Metadata-Version: 2.4
Name: pyrsig
Version: 0.12.0
Summary: Python interface to RSIG Web API
Home-page: https://github.com/barronh/pyrsig
Author: Barron H. Henderson
Author-email: barronh@gmail.com
Classifier: Programming Language :: Python :: 3
Classifier: Programming Language :: Python :: 3.9
Classifier: Programming Language :: Python :: 3.10
Classifier: Programming Language :: Python :: 3.11
Classifier: Programming Language :: Python :: 3.12
Classifier: License :: OSI Approved :: GNU General Public License v3 (GPLv3)
Classifier: Development Status :: 4 - Beta
Classifier: Operating System :: OS Independent
Requires-Python: >=3.9
Description-Content-Type: text/markdown
License-File: LICENSE
Requires-Dist: numpy
Requires-Dist: pandas<3
Requires-Dist: xarray
Requires-Dist: requests
Provides-Extra: polygon
Requires-Dist: geopandas; extra == "polygon"
Provides-Extra: emiss
Requires-Dist: scipy; extra == "emiss"
Dynamic: author
Dynamic: author-email
Dynamic: classifier
Dynamic: description
Dynamic: description-content-type
Dynamic: home-page
Dynamic: license-file
Dynamic: provides-extra
Dynamic: requires-dist
Dynamic: requires-python
Dynamic: summary

# pyrsig

[![Docs](https://github.com/barronh/pyrsig/actions/workflows/documentation.yaml/badge.svg)](https://barronh.github.io/pyrsig/)
[![Tests](https://github.com/barronh/pyrsig/actions/workflows/tests.yml/badge.svg)](https://github.com/barronh/pyrsig/actions/workflows/tests.yml)
[![pypi](https://github.com/barronh/pyrsig/actions/workflows/python-publish.yml/badge.svg)](https://pypi.org/project/pyrsig/)

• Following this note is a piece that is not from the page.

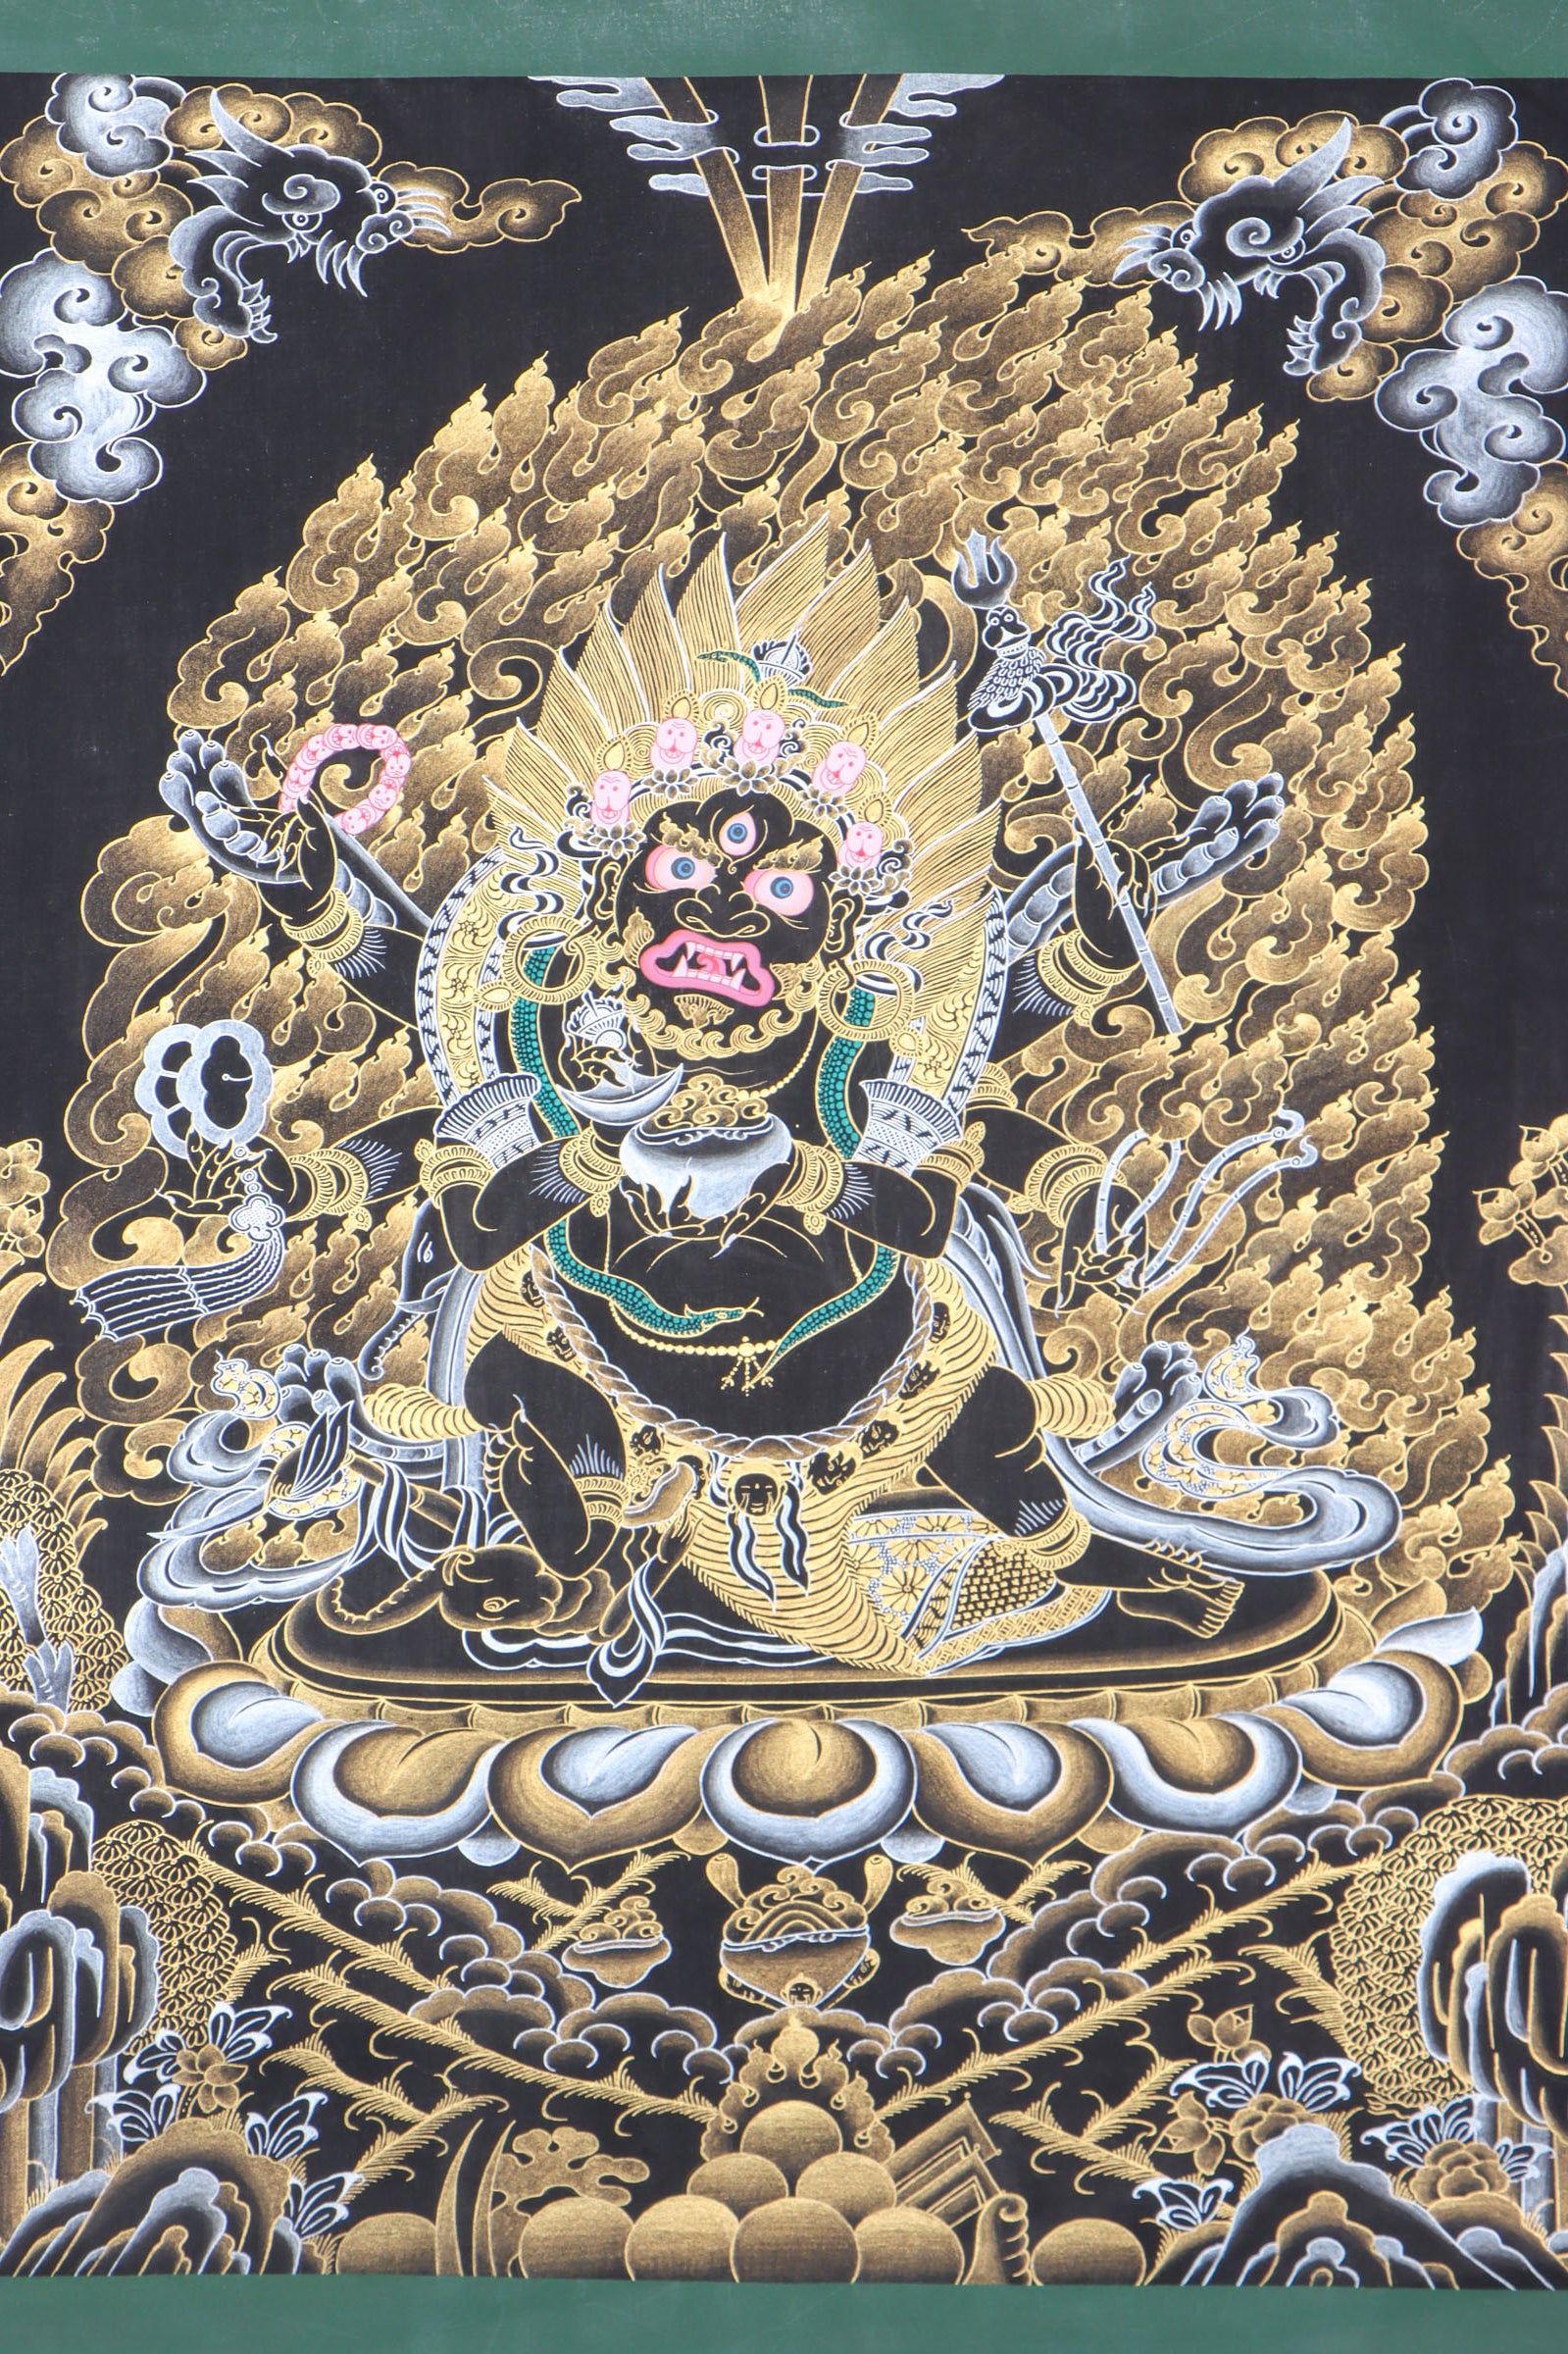 Mahakala Thangka for courage, growth, and the vanquishing of obstacles on the path to enlightenment.

`pyrsig` is a Python interface to the RSIG Web API. RSIG connects you to
petabytes of air quality data from EPA, NASA, NOAA, and many other partners.
`pyrsig` connects RSIG to xarray, pandas, and all your favorite python libraries.


## Install

There are two easy ways to isntall `pyrsig` easily.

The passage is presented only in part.